[Exercise objective] From the entries below, retype only the lines from the one with "Politkovskaja, Äitini - Anna" through the one with "2023-05-06 Denain - Magali", exactly as written.

[Data records]
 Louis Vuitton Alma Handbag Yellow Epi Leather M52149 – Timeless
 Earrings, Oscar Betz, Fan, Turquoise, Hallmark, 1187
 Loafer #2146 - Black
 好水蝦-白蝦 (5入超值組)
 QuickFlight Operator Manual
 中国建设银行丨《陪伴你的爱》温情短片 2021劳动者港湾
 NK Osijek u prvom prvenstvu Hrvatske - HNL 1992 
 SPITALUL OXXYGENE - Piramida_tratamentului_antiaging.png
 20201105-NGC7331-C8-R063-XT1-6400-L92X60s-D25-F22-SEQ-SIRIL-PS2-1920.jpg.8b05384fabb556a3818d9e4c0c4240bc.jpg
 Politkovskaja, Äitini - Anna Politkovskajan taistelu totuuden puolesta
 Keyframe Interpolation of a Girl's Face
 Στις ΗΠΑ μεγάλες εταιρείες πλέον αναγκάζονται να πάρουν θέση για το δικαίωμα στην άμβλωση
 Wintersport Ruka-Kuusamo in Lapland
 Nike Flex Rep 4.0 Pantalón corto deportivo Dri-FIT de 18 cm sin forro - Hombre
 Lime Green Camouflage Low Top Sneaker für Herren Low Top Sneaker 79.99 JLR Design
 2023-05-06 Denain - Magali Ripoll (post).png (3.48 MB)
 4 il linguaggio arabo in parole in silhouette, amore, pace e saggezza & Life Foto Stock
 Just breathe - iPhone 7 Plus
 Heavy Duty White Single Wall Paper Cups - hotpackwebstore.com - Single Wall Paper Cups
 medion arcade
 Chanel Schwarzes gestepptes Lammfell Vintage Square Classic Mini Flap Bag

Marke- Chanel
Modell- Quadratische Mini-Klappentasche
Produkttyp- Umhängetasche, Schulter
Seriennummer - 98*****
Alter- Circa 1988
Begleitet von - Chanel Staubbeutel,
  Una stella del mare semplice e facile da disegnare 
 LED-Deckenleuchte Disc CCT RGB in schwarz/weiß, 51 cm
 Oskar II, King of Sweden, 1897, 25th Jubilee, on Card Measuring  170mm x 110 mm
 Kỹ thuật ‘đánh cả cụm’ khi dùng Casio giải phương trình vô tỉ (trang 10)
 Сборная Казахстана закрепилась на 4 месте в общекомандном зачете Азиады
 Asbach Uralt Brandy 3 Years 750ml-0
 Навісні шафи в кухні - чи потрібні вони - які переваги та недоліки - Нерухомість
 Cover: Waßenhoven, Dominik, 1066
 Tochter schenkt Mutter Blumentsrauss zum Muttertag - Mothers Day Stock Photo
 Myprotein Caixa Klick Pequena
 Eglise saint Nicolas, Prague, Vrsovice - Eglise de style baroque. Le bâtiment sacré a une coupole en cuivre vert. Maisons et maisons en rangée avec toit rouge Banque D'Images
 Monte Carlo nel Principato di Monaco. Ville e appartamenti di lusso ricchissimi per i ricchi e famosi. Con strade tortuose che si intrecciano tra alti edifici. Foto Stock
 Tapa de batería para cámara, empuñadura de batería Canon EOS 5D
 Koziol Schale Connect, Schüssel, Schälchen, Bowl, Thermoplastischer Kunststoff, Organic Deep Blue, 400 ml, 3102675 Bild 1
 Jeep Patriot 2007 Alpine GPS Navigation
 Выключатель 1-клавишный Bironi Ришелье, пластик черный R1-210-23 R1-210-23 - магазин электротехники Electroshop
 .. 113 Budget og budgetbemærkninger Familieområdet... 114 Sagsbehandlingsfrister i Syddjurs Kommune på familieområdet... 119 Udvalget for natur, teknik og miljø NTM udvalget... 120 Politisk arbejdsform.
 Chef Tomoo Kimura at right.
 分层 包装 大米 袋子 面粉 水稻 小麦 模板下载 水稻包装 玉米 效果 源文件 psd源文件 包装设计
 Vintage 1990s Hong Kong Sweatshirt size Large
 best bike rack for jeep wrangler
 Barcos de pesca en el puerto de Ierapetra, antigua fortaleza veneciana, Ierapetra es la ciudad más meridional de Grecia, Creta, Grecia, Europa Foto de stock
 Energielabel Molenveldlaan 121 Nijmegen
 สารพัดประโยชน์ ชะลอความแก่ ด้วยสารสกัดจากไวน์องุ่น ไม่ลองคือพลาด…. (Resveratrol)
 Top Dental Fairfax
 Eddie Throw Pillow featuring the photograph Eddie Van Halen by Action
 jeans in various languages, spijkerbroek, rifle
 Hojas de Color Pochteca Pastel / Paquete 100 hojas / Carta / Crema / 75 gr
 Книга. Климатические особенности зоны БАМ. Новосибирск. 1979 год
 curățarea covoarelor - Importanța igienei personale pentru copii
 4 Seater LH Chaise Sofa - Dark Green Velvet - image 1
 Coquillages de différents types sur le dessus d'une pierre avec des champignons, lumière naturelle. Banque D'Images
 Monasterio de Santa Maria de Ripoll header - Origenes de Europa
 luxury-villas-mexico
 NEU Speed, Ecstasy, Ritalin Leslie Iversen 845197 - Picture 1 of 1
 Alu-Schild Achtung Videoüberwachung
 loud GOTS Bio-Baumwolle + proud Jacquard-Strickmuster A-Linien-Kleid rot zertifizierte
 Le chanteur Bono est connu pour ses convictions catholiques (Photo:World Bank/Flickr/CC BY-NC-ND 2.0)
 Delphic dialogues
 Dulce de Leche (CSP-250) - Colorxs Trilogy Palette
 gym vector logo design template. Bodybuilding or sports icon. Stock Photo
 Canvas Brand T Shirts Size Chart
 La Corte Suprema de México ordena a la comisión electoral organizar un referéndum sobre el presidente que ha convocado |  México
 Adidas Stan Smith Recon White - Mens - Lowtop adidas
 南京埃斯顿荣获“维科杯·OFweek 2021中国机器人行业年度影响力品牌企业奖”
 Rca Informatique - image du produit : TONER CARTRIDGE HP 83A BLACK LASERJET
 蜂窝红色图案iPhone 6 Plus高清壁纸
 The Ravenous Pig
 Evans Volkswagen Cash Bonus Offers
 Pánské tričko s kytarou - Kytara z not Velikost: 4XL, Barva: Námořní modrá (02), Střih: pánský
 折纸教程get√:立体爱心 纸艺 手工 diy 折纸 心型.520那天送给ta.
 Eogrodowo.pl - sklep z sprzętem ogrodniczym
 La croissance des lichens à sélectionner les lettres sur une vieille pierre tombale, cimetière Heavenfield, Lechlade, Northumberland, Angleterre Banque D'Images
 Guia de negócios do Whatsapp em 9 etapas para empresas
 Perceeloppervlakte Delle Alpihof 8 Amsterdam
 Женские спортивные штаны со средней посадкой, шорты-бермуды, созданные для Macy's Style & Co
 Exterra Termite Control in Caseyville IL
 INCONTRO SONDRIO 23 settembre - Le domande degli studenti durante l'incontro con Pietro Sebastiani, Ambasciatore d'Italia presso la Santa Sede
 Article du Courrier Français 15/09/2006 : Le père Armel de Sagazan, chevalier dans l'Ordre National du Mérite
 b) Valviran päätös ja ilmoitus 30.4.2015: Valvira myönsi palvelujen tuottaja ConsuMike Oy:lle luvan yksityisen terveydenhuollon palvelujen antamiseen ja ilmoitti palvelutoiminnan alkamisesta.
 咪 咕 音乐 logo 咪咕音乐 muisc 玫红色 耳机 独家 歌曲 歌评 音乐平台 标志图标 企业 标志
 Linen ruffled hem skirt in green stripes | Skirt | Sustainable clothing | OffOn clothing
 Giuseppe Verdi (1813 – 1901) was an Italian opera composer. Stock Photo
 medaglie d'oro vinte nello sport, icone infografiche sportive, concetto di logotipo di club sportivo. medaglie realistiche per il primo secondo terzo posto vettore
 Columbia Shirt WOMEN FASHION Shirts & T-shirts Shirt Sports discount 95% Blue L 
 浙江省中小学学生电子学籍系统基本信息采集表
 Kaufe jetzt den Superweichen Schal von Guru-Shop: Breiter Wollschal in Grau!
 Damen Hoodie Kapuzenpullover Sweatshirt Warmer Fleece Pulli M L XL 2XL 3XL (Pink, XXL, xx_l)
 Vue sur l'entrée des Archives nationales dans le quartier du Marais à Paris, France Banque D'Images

[Response area]
 Politkovskaja, Äitini - Anna Politkovskajan taistelu totuuden puolesta
 Keyframe Interpolation of a Girl's Face
 Στις ΗΠΑ μεγάλες εταιρείες πλέον αναγκάζονται να πάρουν θέση για το δικαίωμα στην άμβλωση
 Wintersport Ruka-Kuusamo in Lapland
 Nike Flex Rep 4.0 Pantalón corto deportivo Dri-FIT de 18 cm sin forro - Hombre
 Lime Green Camouflage Low Top Sneaker für Herren Low Top Sneaker 79.99 JLR Design
 2023-05-06 Denain - Magali Ripoll (post).png (3.48 MB)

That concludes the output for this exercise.